🌏 #2 | If Web 2.0 was powered by CPUs, generative AI will be powered by GPUs
💻 Web 2.0 to generative AI
Since the term Web 2.0 was coined in 1999, billions of people have gone online to talk to one another, share content, and buy and sell things.
As much as Web 2.0 was a software story about interactive websites, it was also a hardware story about computing devices getting faster and cheaper.
And the defining hardware component was the CPU, often considered the heart of a computer.

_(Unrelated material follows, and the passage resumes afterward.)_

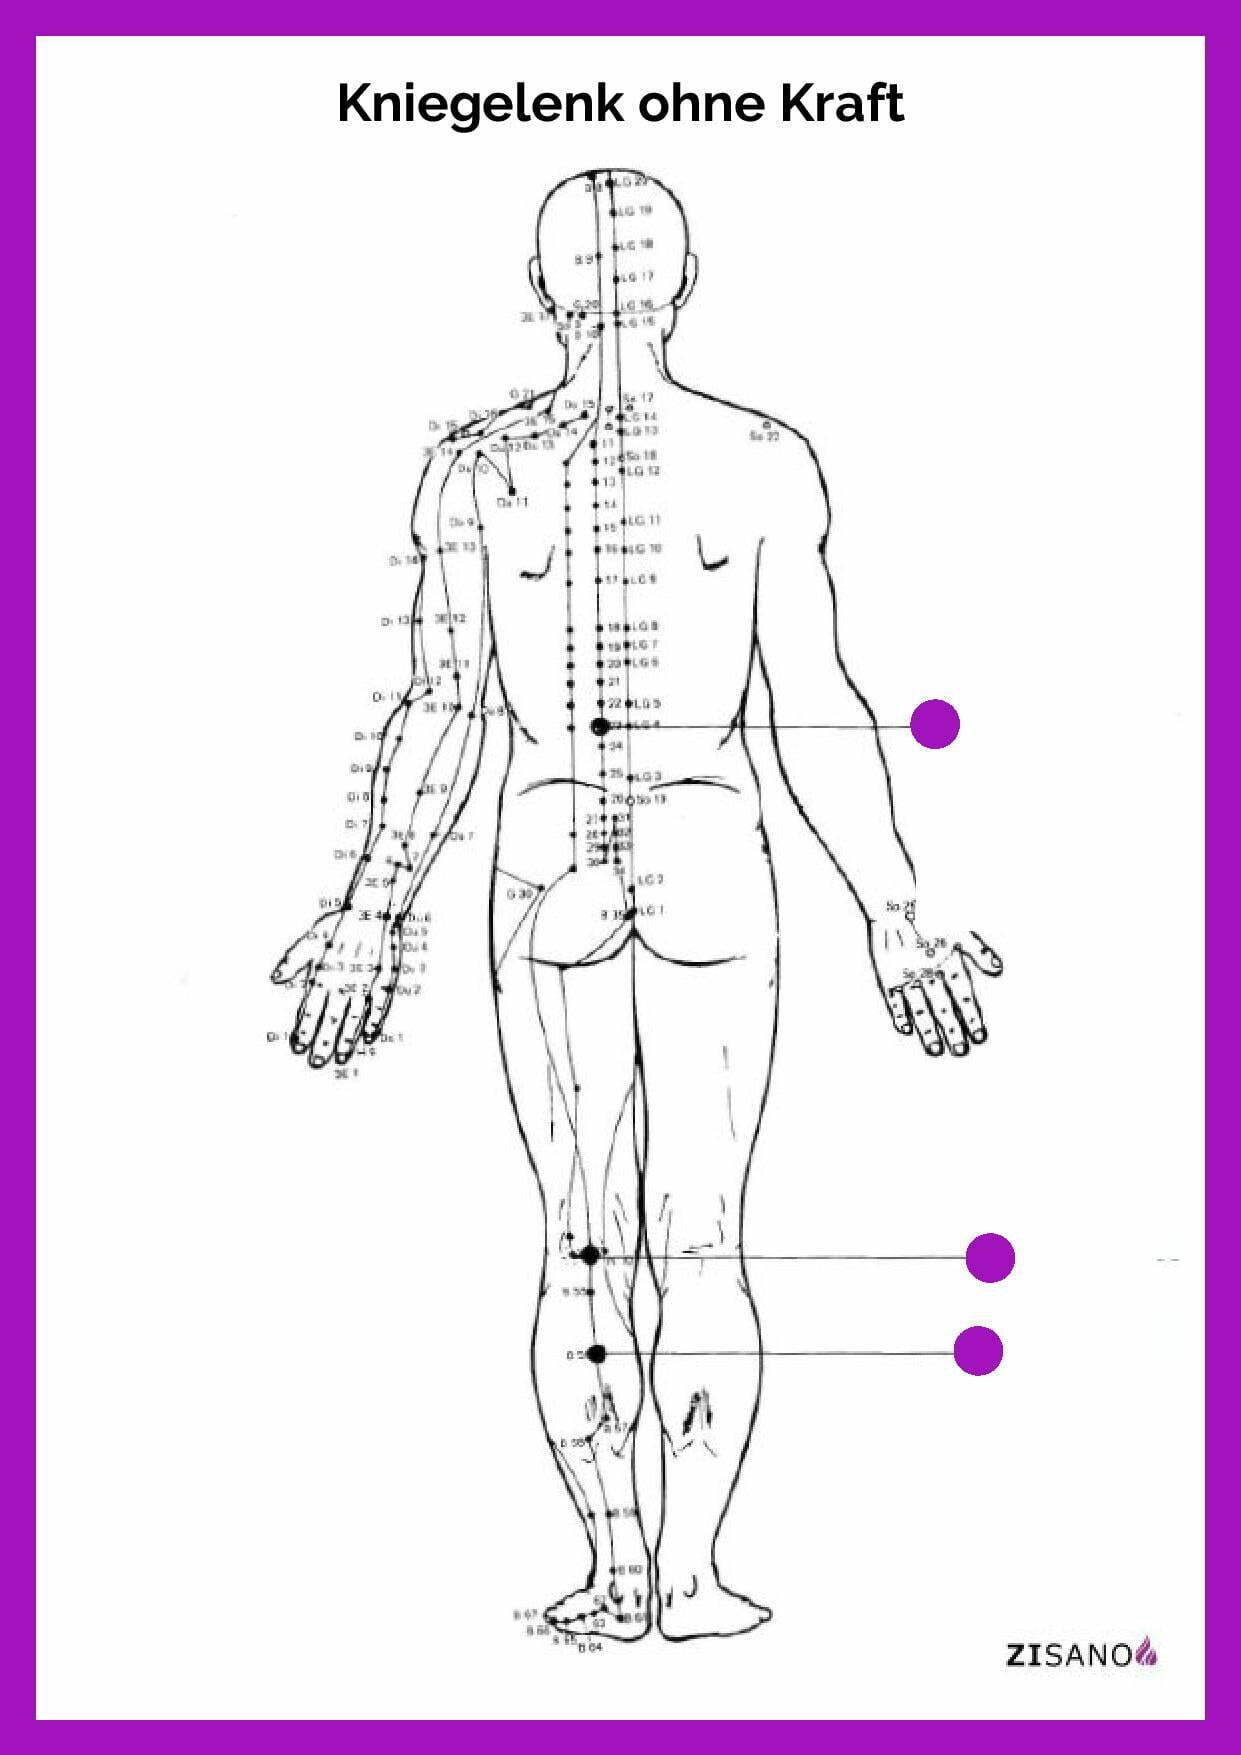 Meridiane - Kniegelenk ohne Kraft - Beschwerden

Generative AI is emerging as the successor to Web 2.0. The software story is defined by LLMs (large-language models), the AI models which underpin apps such as ChatGPT.
But the hardware heart of LLMs isn’t the CPU — it’s the GPU.
❓ CPUs versus GPUs
➡️ Similarities
CPUs and GPUs are both chips made up of transistors (silicon-based semiconductors). Modern chips are made up of billions of transistors, with more transistors meaning a faster device.
Crucially, the transistors on a chip are bundled together into cores, with each core able to concurrently handle tasks.
➡️ Differences
CPUs are made up of a smaller number of larger cores, typically countable using your fingers. In comparison, GPUs have hundreds or thousands of smaller cores.
The larger cores of CPUs make these chips a jack of all trades — and why CPUs are referred to as central processing units. They are suited for everyday tasks, from loading emails to rendering websites.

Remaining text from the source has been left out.